What I'm currently doing is using alloca() to push the stack pointer ahead by 768 kilobytes, then spawning UIApplicationMain, then using setjmp/longjmp to bounce back and forth between my "UI routine" and my "main routine". So far, this is working.
Caveats:
It's impossible to know when the "UI routine" has no messages to handle, and when it has no messages to handle, it will just block indefinitely until that's no longer the case. I'm solving this by making a timer that triggers every 0.1 milliseconds. Every time the timer triggers, I drop out to my "main routine", do a single game loop, then head back into the "UI routine" for another timer tick. Reading the documentation indicates that it won't stack up "timer calls" indefinitely. I do seem to get the "terminate" message appropriately, though I haven't managed to test it thoroughly yet, and I haven't tested any other important messages. (Luckily, there's only four messages total, and one of them is setup-related.)
Most modern OSes won't allocate the entire stack at once. The iPhone is probably one of these. What I don't know is whether bumping the stack pointer 3/4 of a meg forward will allocate everything "behind it", so to speak. If so, I may be effectively wasting 3/4 of a meg of RAM, which, on the iPhone, is significant. This could be handled by bumping the pointer forward a smaller amount, but this is really courting stack size disaster - it effectively limits your stack to however far you bump the pointer ahead, and you'll have to figure this out in advance. Some sentinel data in the stack, coupled with good monitoring and a logging system for stack size issues, can probably solve this, but it's a nontrivial issue. (Alternatively, if I can figure out how to muck with the stack pointer directly on the native hardware, I can just malloc()/new[] a few kilobytes, point the stack pointer at it, and use it as my new stack. I'll have to figure out how much space it needs but I doubt it'll be much, considering that it's not doing very much.)
This is currently untested on the actual hardware (give it a week or two, I got another project to finish first.)

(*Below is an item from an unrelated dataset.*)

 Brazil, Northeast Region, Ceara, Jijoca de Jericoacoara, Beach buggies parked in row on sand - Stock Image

I have no idea whether Apple will figure out what I'm doing and slap a giant REJECTED sticker on it when I try submitting to the app store. This is, shall we say, slightly outside their intentions for the API. Fingers crossed.
I'll keep this post updated, and officially accept it once I've verified that it, you know, works.

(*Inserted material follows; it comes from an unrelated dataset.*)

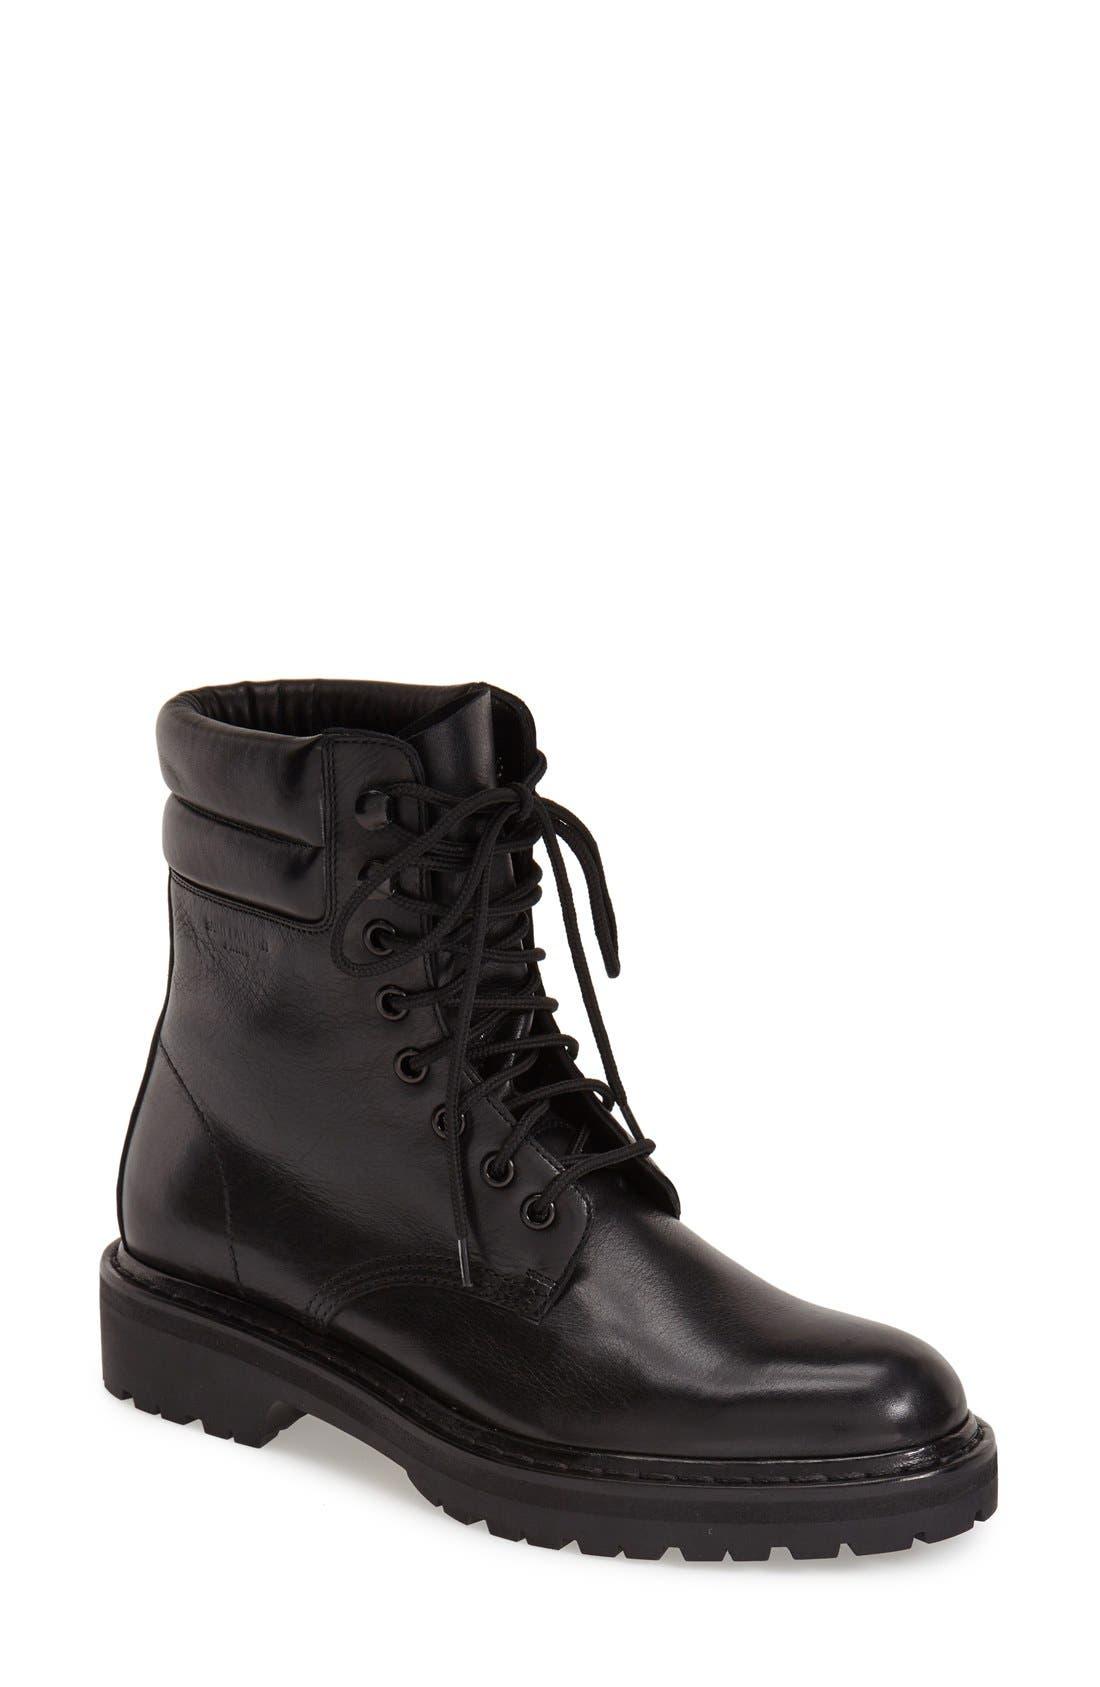 Main Image - Saint Laurent 'Army' Lace-Up Boot (Women)

Late update: I got distracted by a variety of other things. Since then, I've had a few changes that make me far less interested in Apple development. My current approach showed no sign of not working, but I don't really have the motivation to keep fleshing it out. Sorry! If I ever change my mind I'll update this further, but Outlook Not So Good.
I know NSApplicationMain() reads Info.plist and does stuff to the app (like get the initial nib file) so I would guess that UIApplicationMain() does the same for iPhone (like get the initial status bar style, zoom the default.png image in etc.). That stuff isn't exposed anywhere else, so the functions it calls would still need to be run for the app to launch with out any side effects. You're only bet is to reverse engineer those and copy them (and hope that anything they do is in the public SDK).
Is the goal to take that main() function and have it work unmodified on the iPhone?
It would seem there's no way you're going to completely insulate the users of the library from thinking about the iPhone platform--they're going to have to deal with XCode for code signing and that sort of thing.
Given that, telling users they have to break their main() function up into a few pieces that you can call from applicationDidFinishLaunching and from an appropriate timer doesn't seem like it would inconvenience anybody much.
Why not start your game loop from within UIApplication? (Yes, you can't have it in main() but that shouldn't matter.) Some of the delegate messages are good candidates.